» What to do
Begin your copy at the line with "Life-size cardboard standee" in the records below and end it at the line with "Airbus A321-211 - D-AIAI", restating each line word for word; omit the pictures.

» Records to process
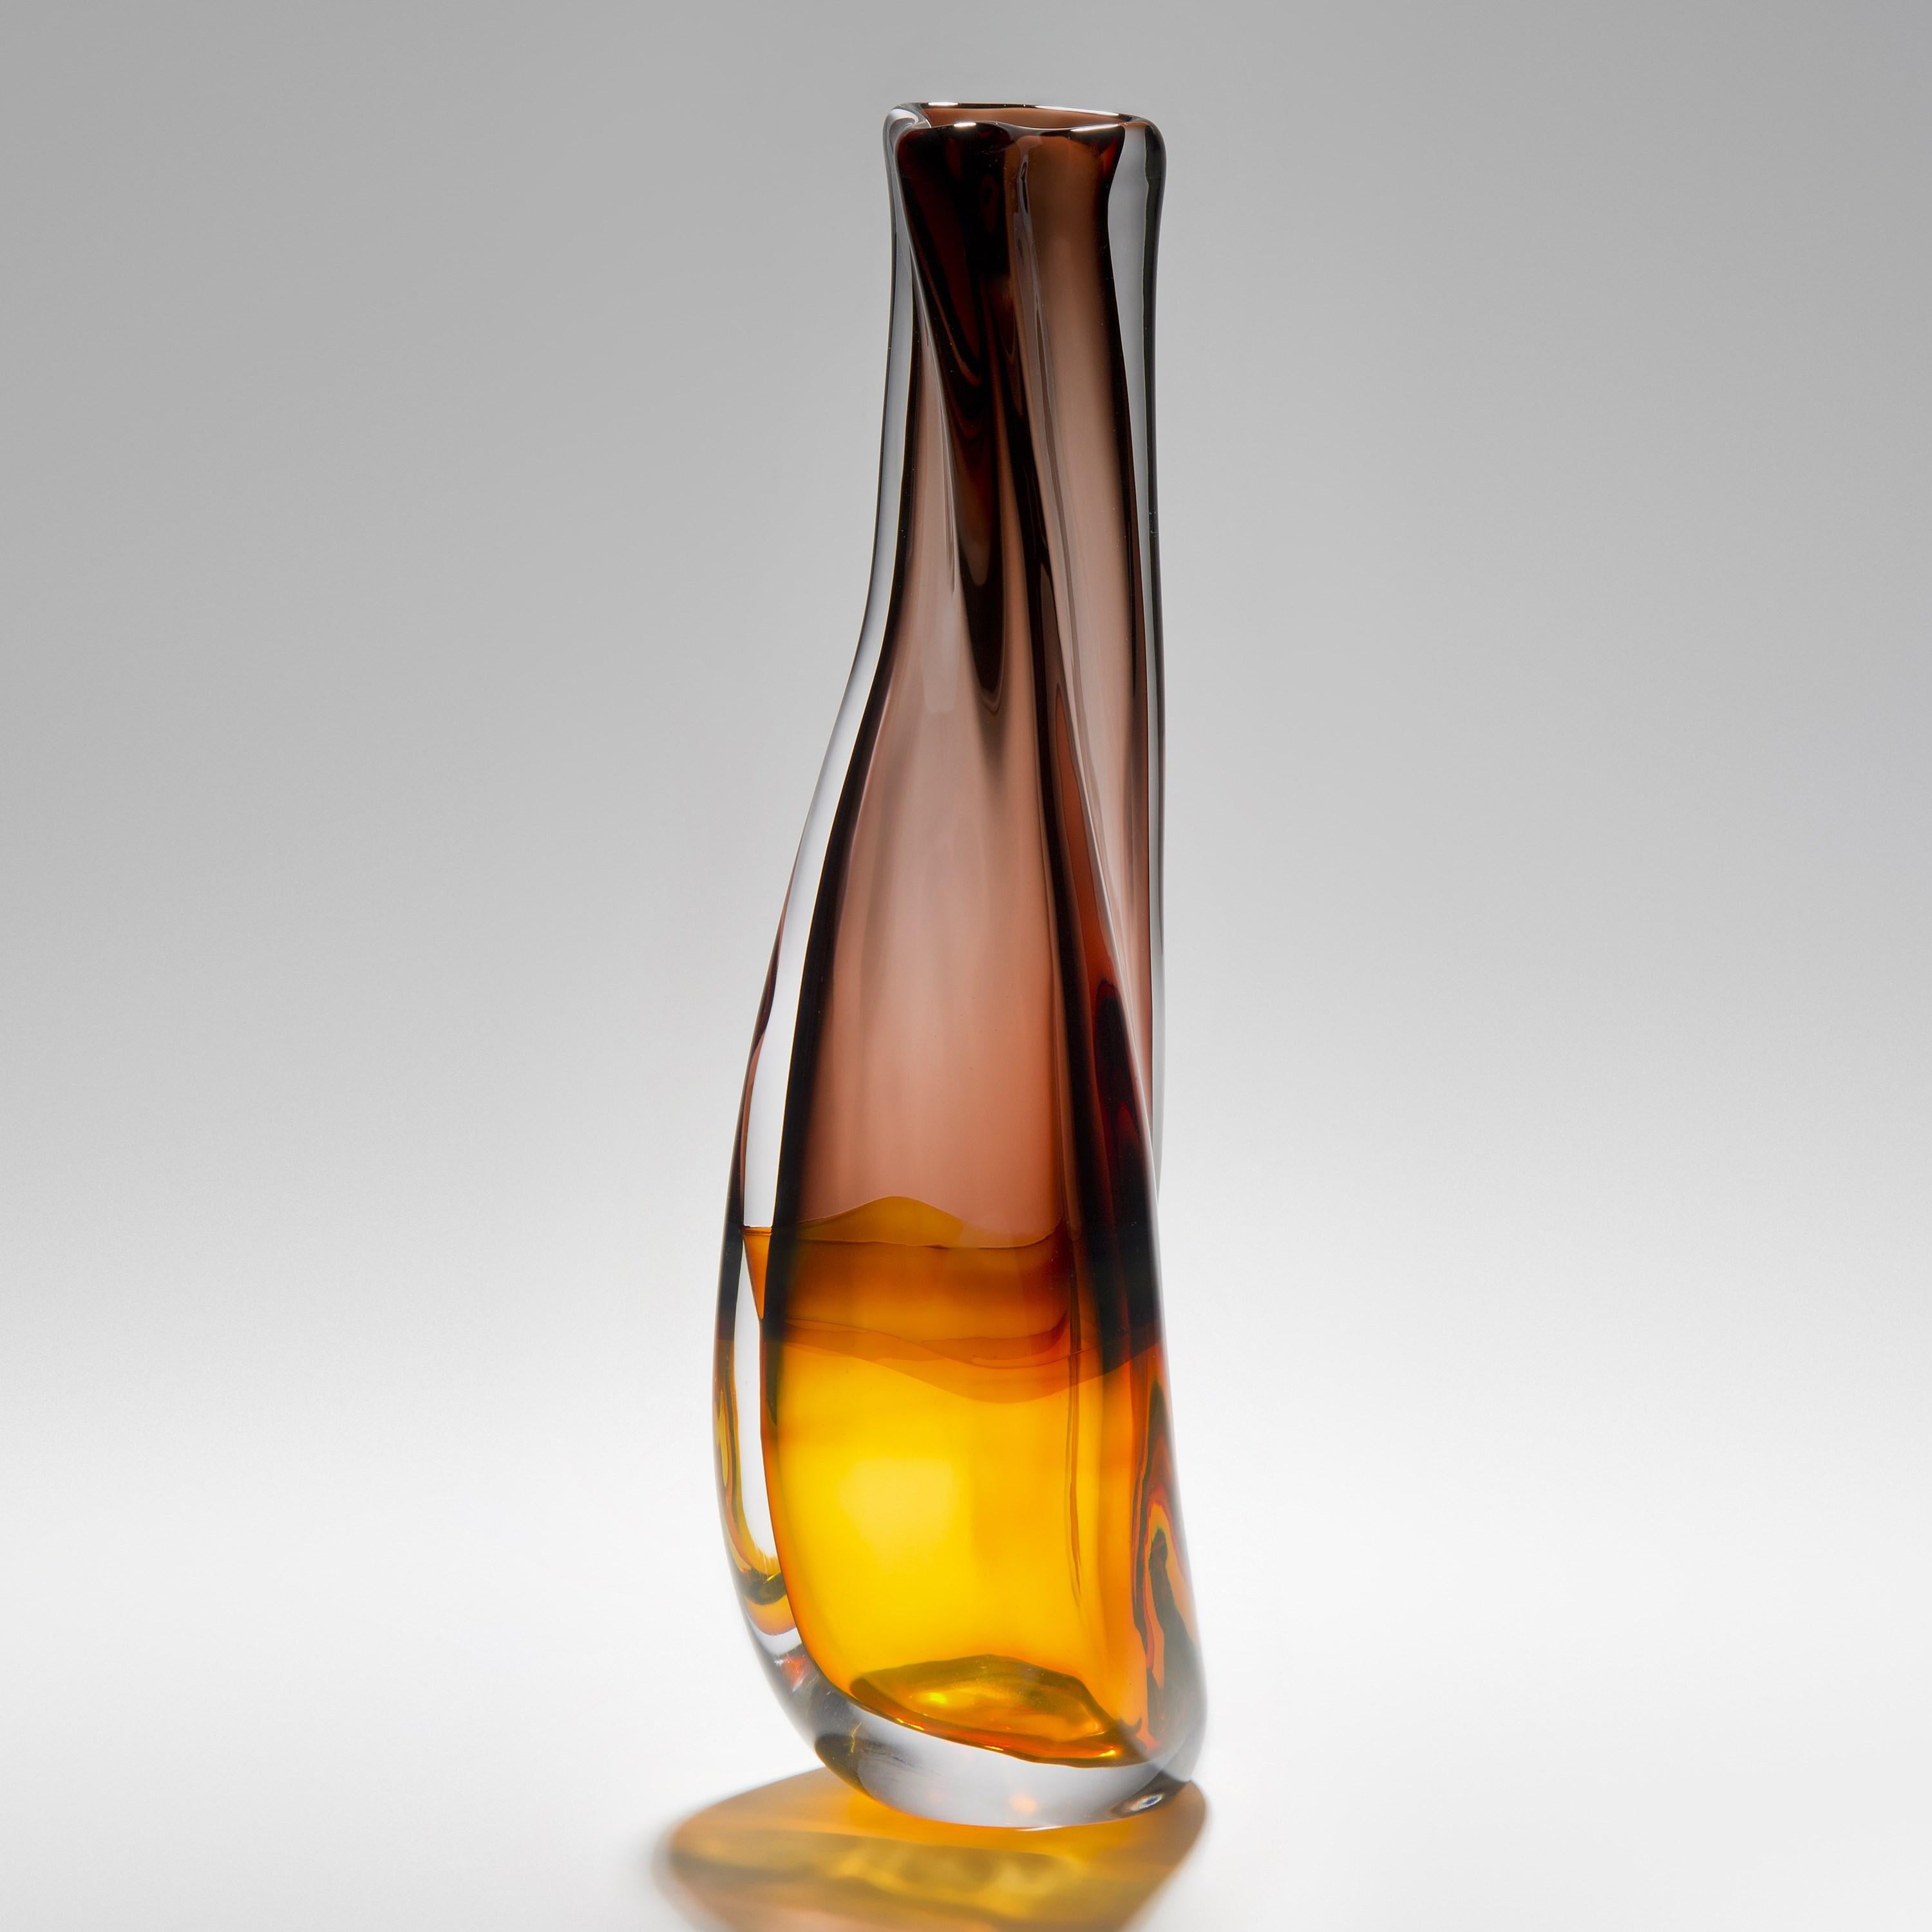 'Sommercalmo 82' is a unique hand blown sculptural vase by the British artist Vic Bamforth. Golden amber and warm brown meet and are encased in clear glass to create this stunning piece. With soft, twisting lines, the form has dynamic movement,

==

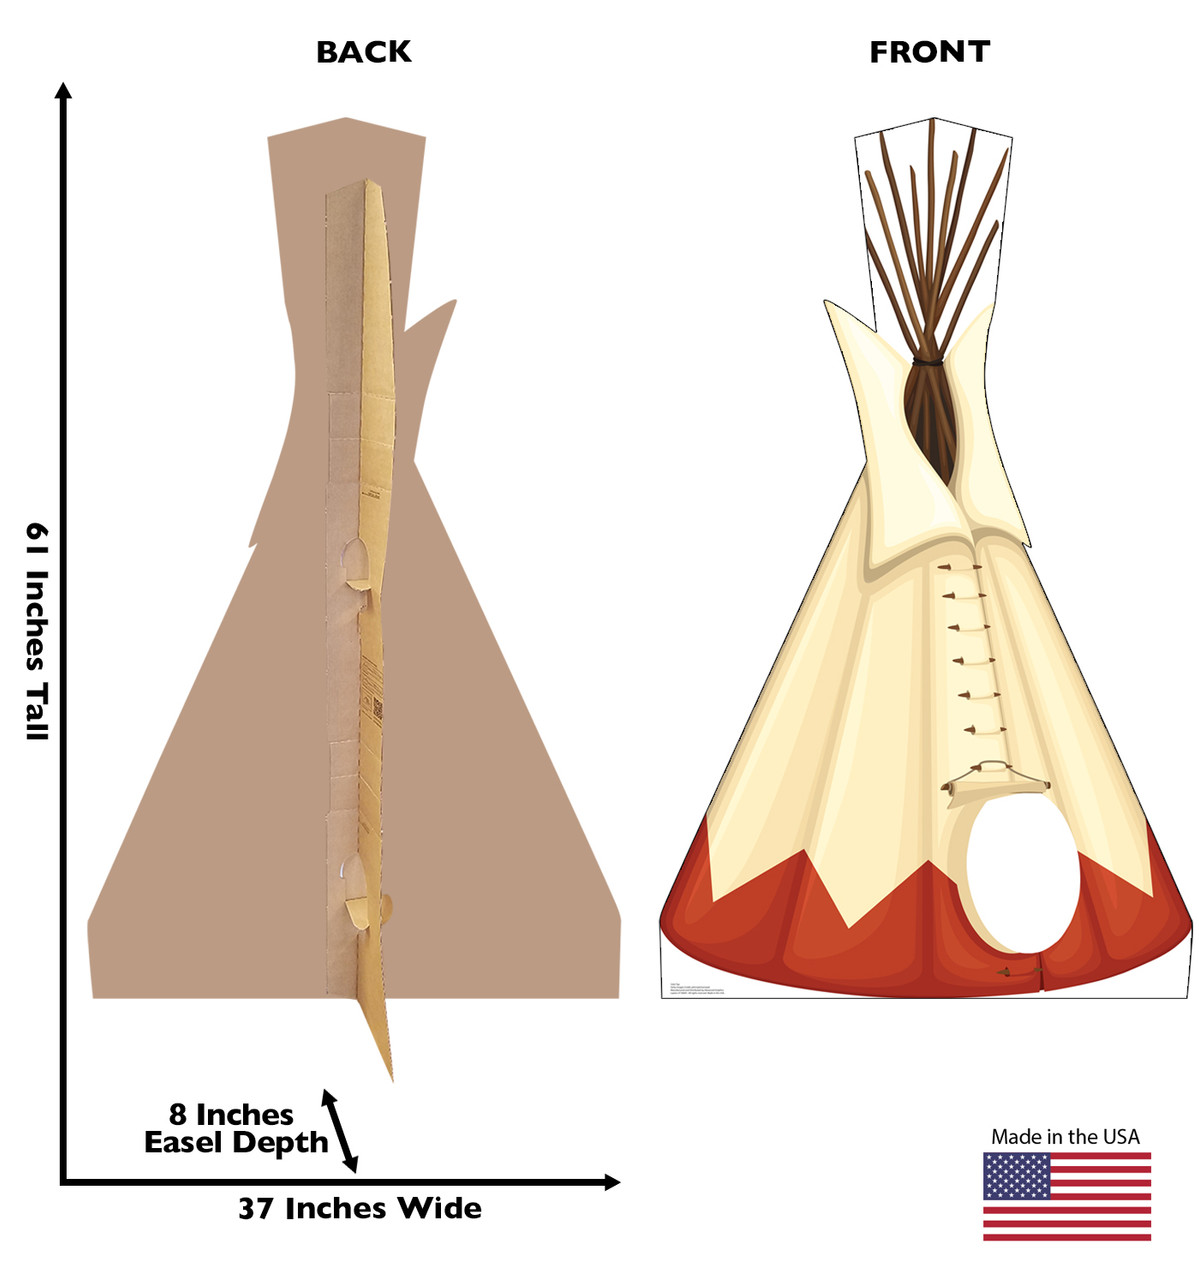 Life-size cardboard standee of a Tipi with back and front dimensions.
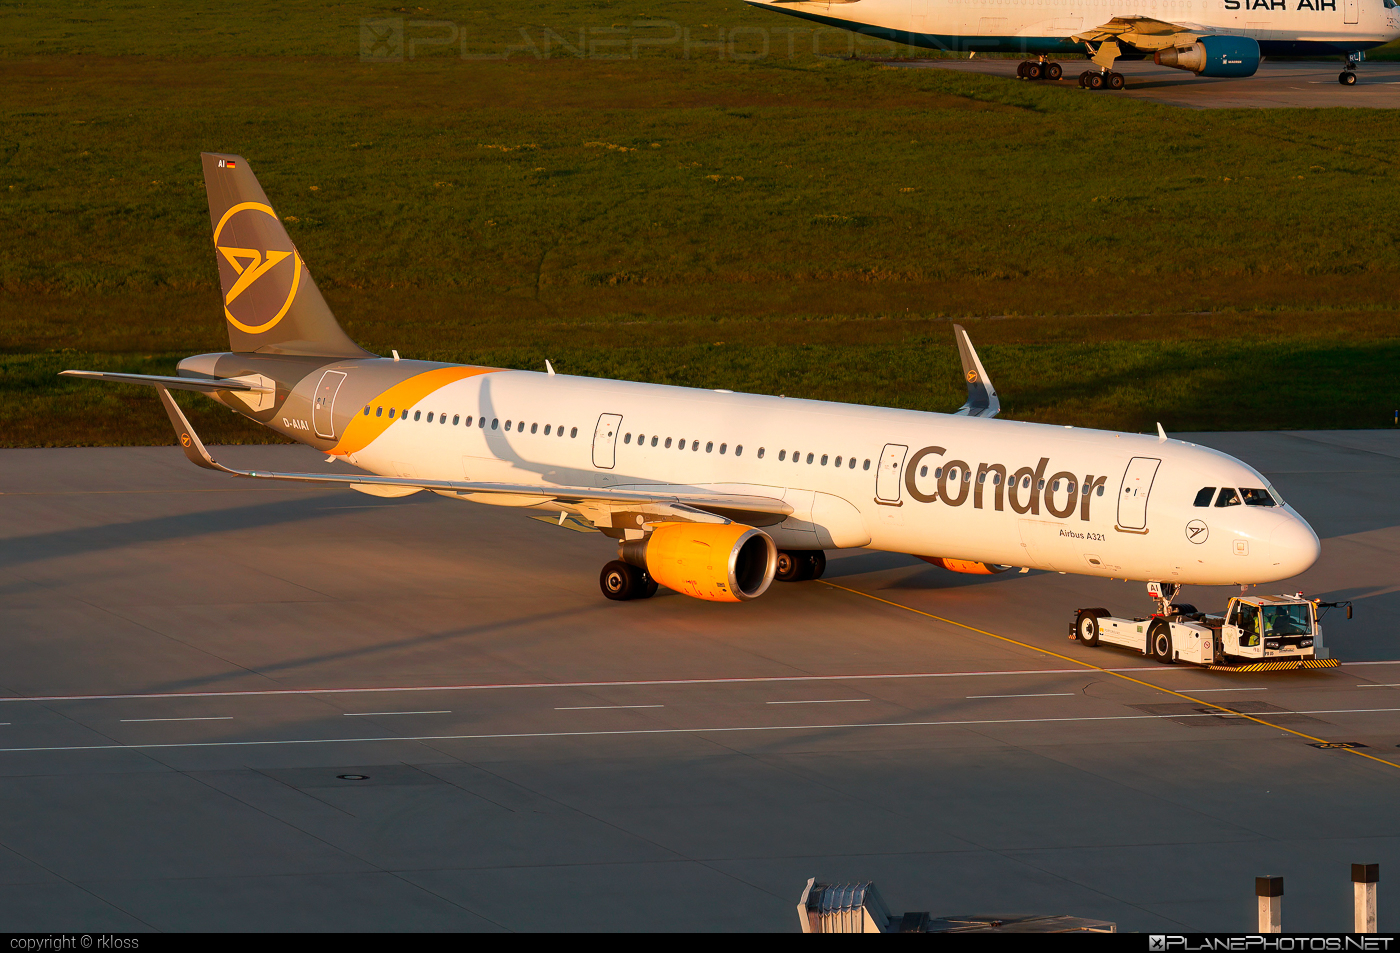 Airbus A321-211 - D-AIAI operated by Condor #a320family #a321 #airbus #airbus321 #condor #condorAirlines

» Result
 Life-size cardboard standee of a Tipi with back and front dimensions.
 Airbus A321-211 - D-AIAI operated by Condor #a320family #a321 #airbus #airbus321 #condor #condorAirlines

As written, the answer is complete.